De plus, le ton employé dans la missive est irrévérencieux, et il a vraisemblablement déjà compris que les mutins ne comptaient nullement se soumettre. Les mots auraient été les suivants : « Si jusqu’ici on l’avait appelé Votre Grâce, on l’appellerait Votre Seigneurie et on lui baiserait les pieds et les mains ». [5] Cette fois-ci, Magellan ne renvoie pas le messager.

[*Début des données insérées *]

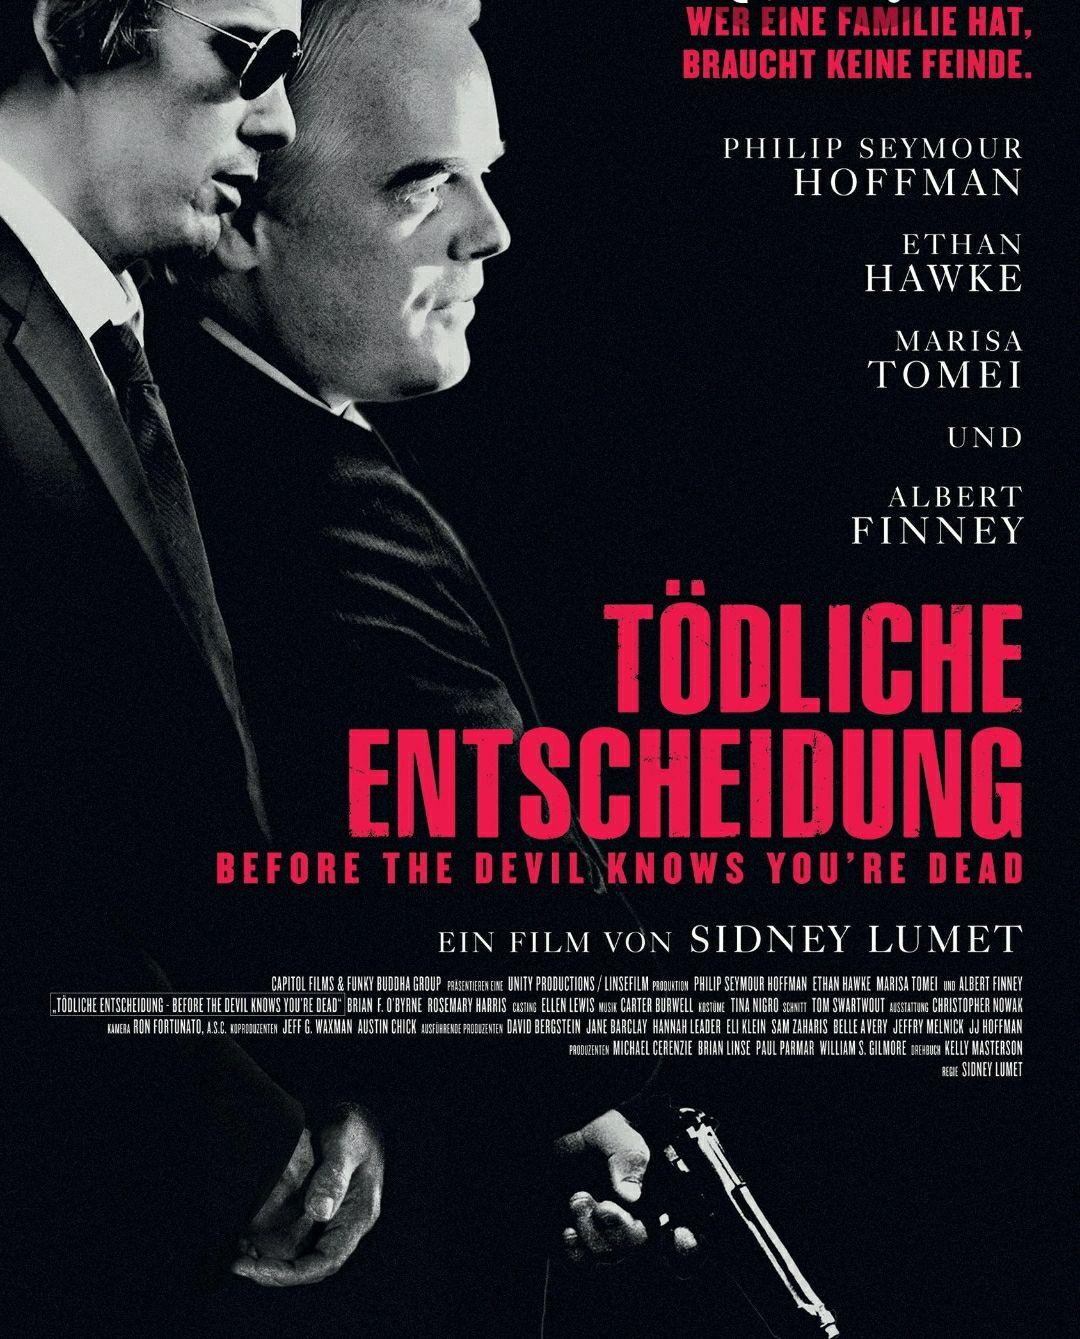 """[Servus TV Mediathek] """"Tödliche Entscheidung"""" mit Philip Seymour Hoffman, Ethan Hawke und Marisa Tomei kostenlos streamen [IMDb 7.3]"""

Gonzalo Gómez de Espinosa, l’alguazil de la flotte, utilise au contraire le canot pour rejoindre la Victoria, accompagné de cinq ou six hommes [6] (possiblement déguisés en simples matelots, leurs armes cachés sous les plis des vêtements [7] ). En accostant, il informe les marins qu’il est porteur d’un courrier confidentiel à l’attention de Luis de Mendoza. Espinosa est présenté au capitaine (possiblement dans sa cabine, à cause du caractère confidentiel du message [8] ). L’Espagnol décachette et lit la missive (qui le convoque sur le navire amiral, la Trinidad [9]), ne pouvant s’empêcher de laisser transparaître un léger sourire (il aurait également ajouté : « On ne me fera pas aller là-bas (No me tomara alla) »). C’est ce moment d’inattention que choisit l’alguazil pour le poignarder au niveau de la gorge (suivant les  sources, ce coup lui est fatal [10] ou bien l’un des membres du commando lui assène ensuite un coup de couteau à la tête [11] ).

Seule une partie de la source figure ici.